** WORK REQUEST **
Skip every picture, and output exactly the lines starting at the one with "swing fabian lozano golf" and running through the last line of the material below.

______

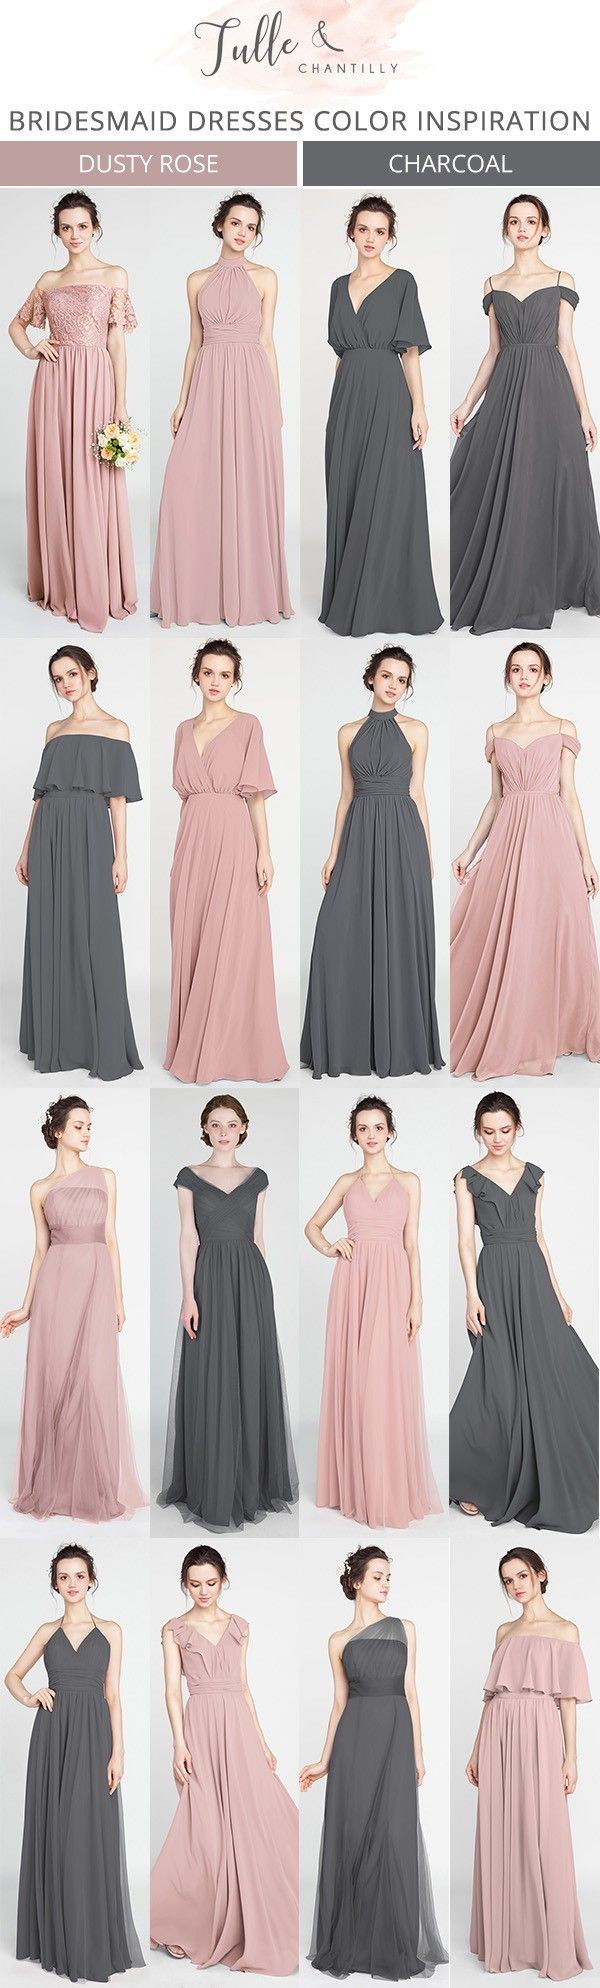 dusty rose and charcoal grey bridesmaid dresses #bridalparty #bridesmaiddresses #weddinginspiration #weddingcolors
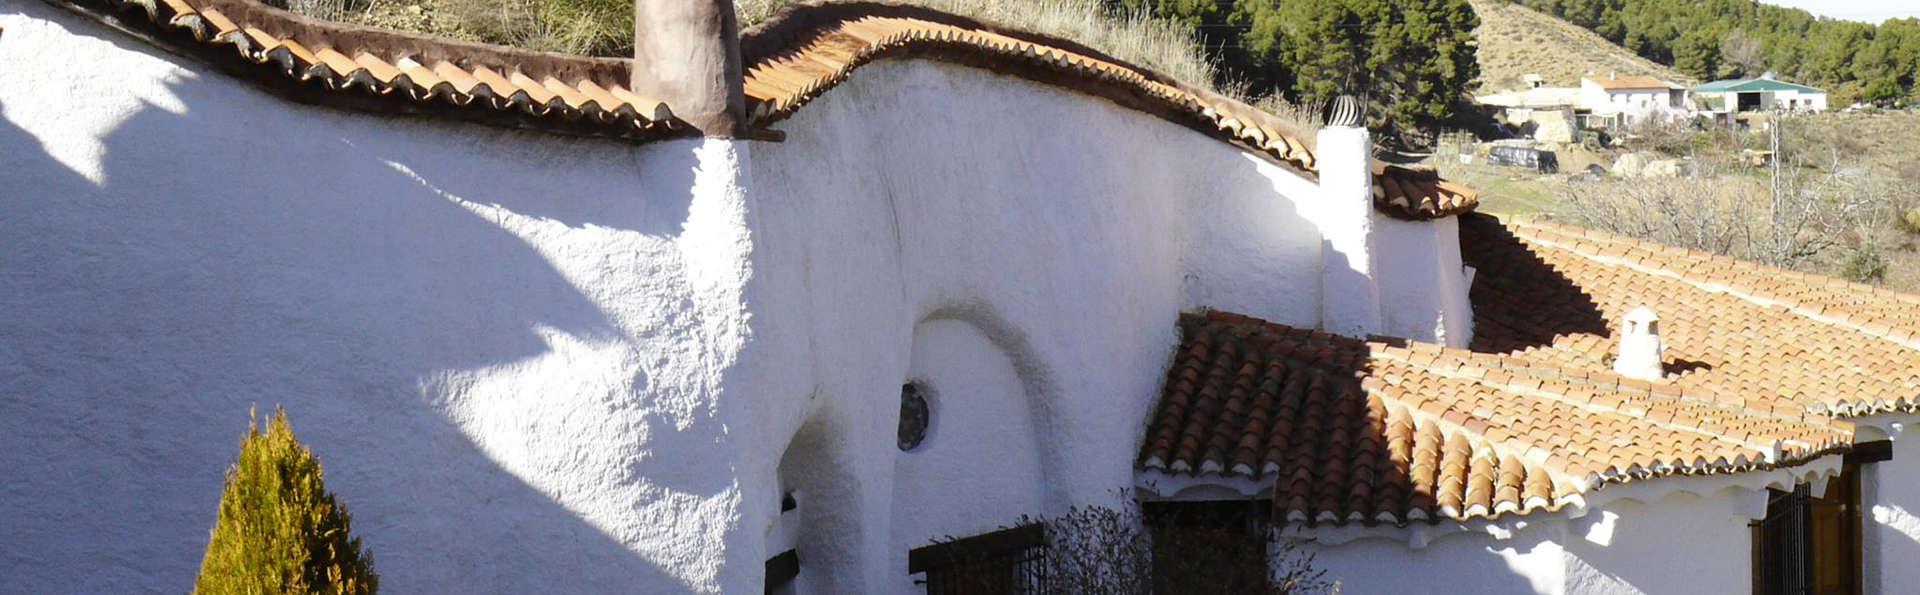 Cuevas del Zenete - EDIT_front.jpg
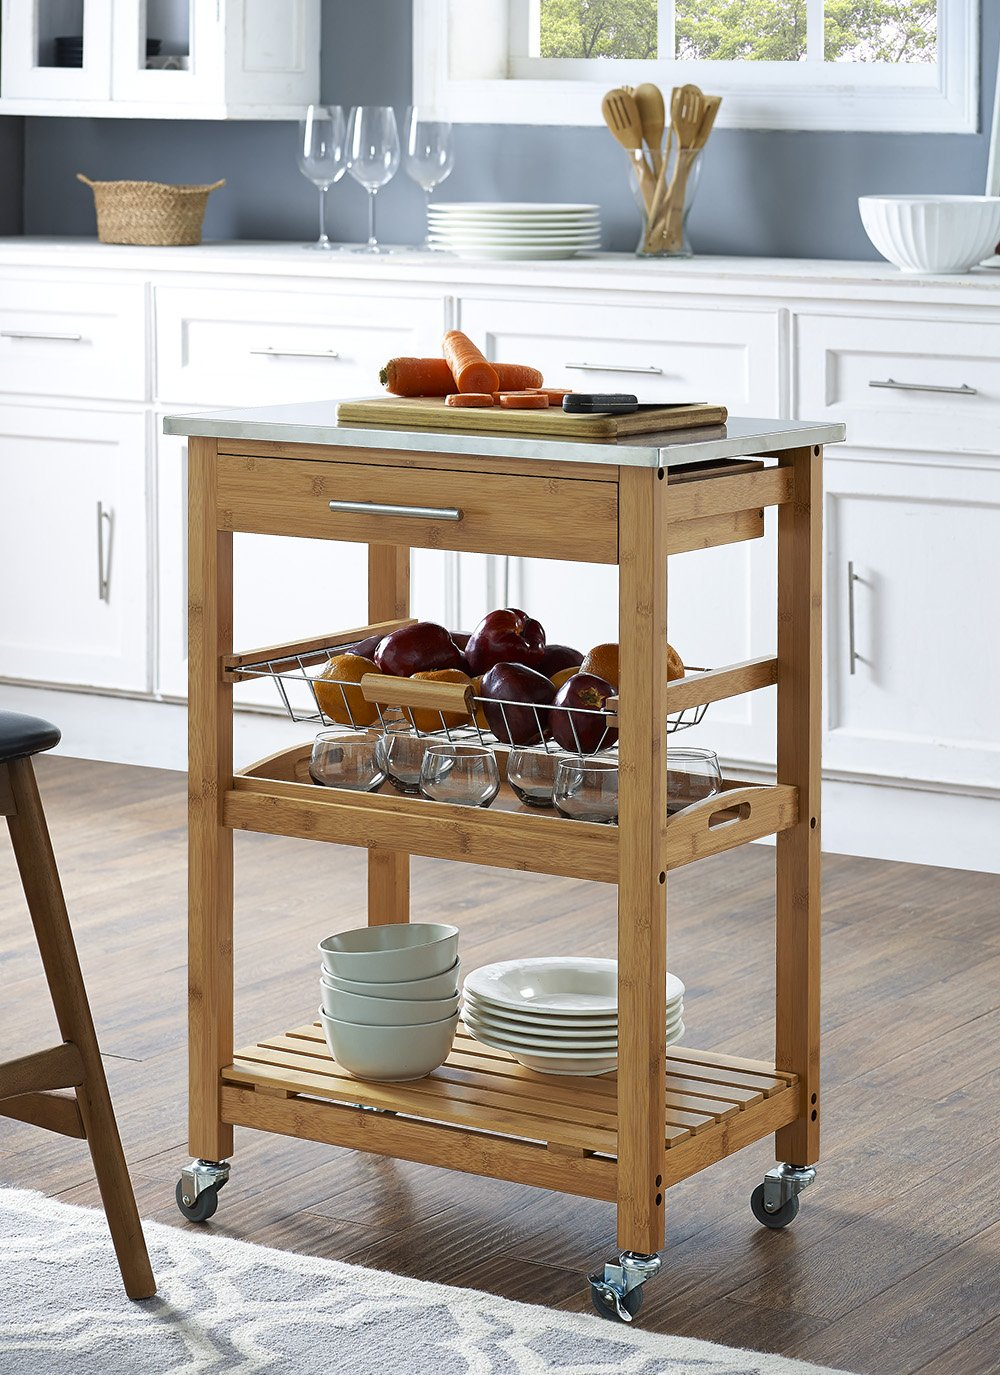 Amazon.com - Boraam 50651 Aya Bamboo Kitchen Cart with Stainless ...
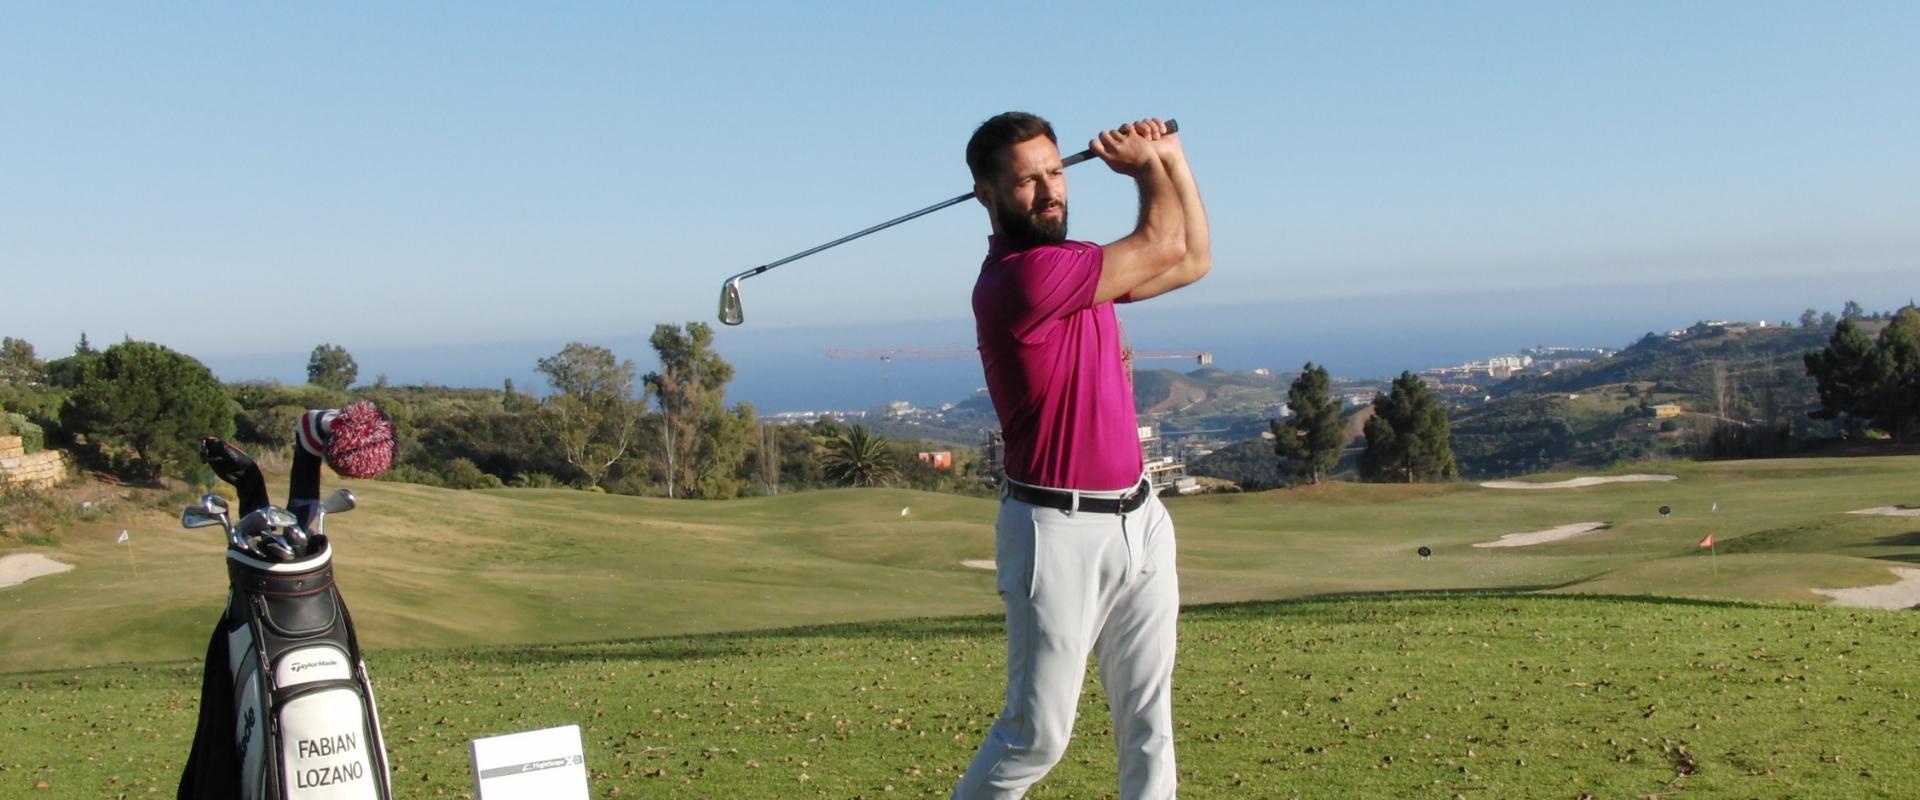 swing fabian lozano golf
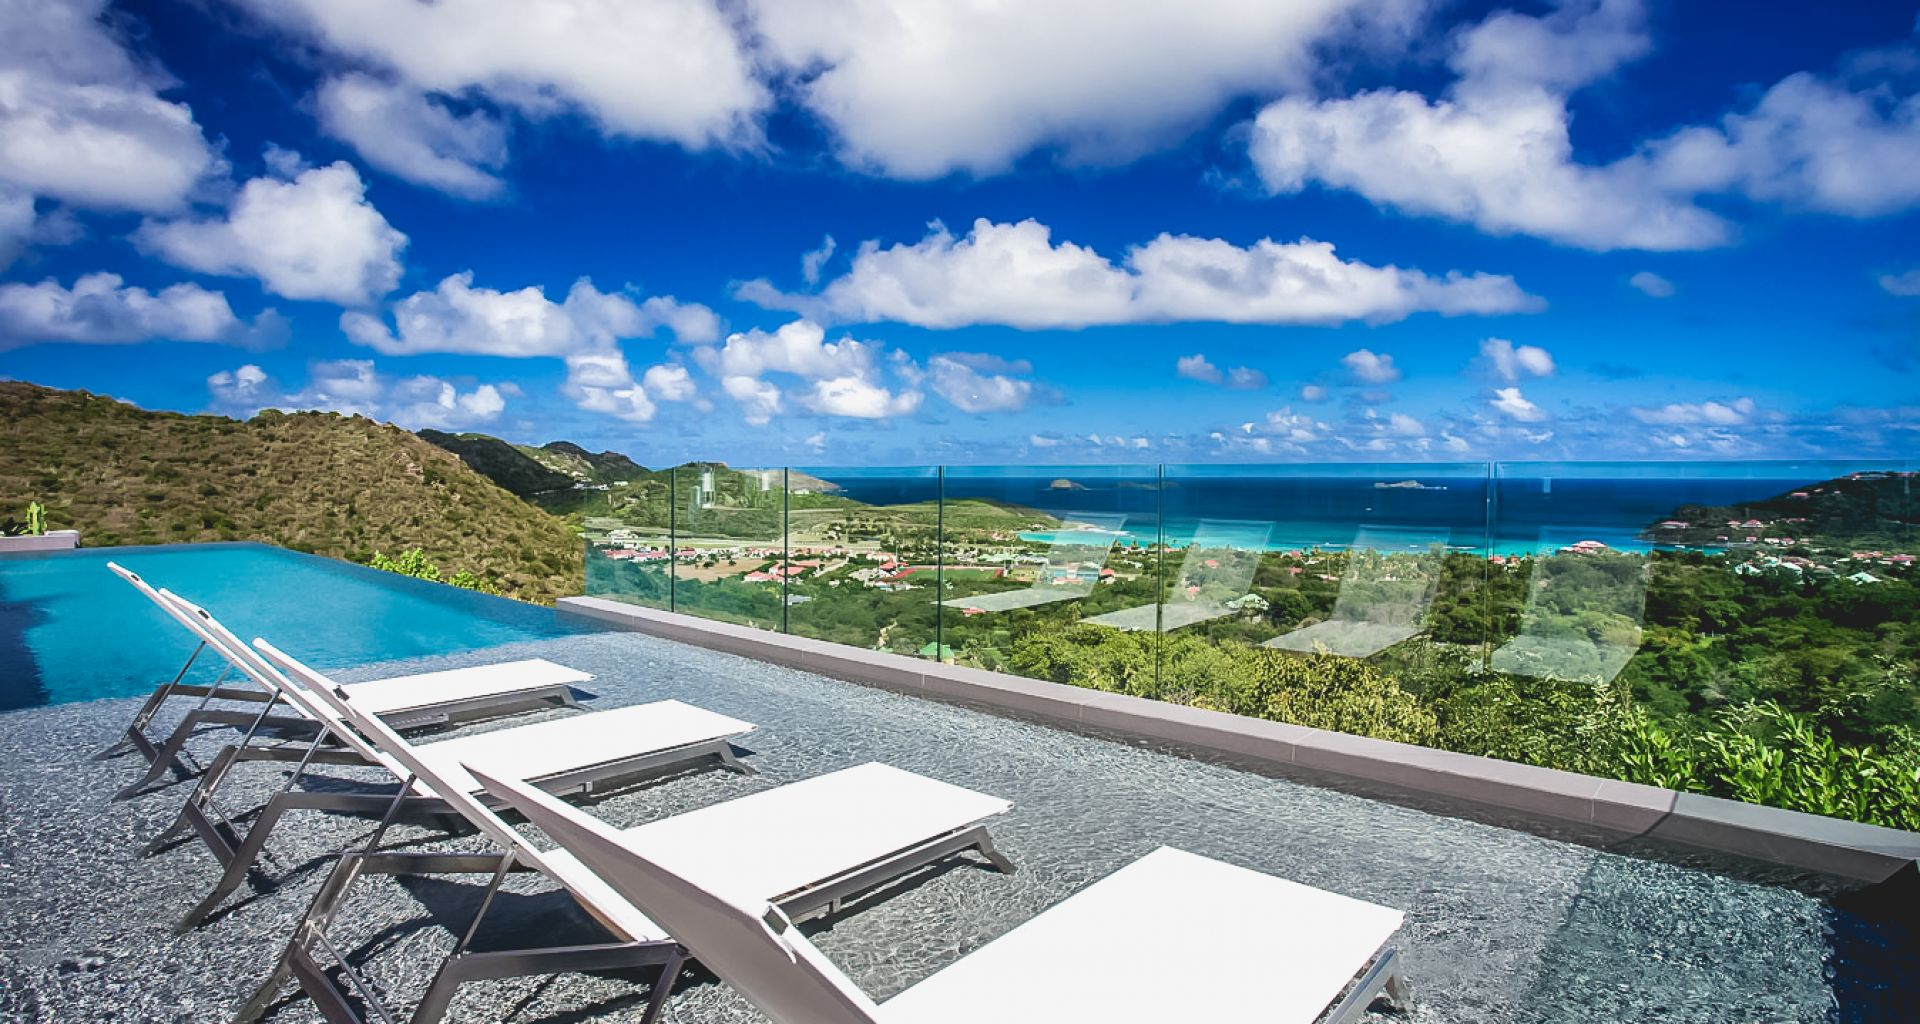 Villa Bastide, St-Barts, Caribbean

______

** ANSWER BOX **
 swing fabian lozano golf
 Villa Bastide, St-Barts, Caribbean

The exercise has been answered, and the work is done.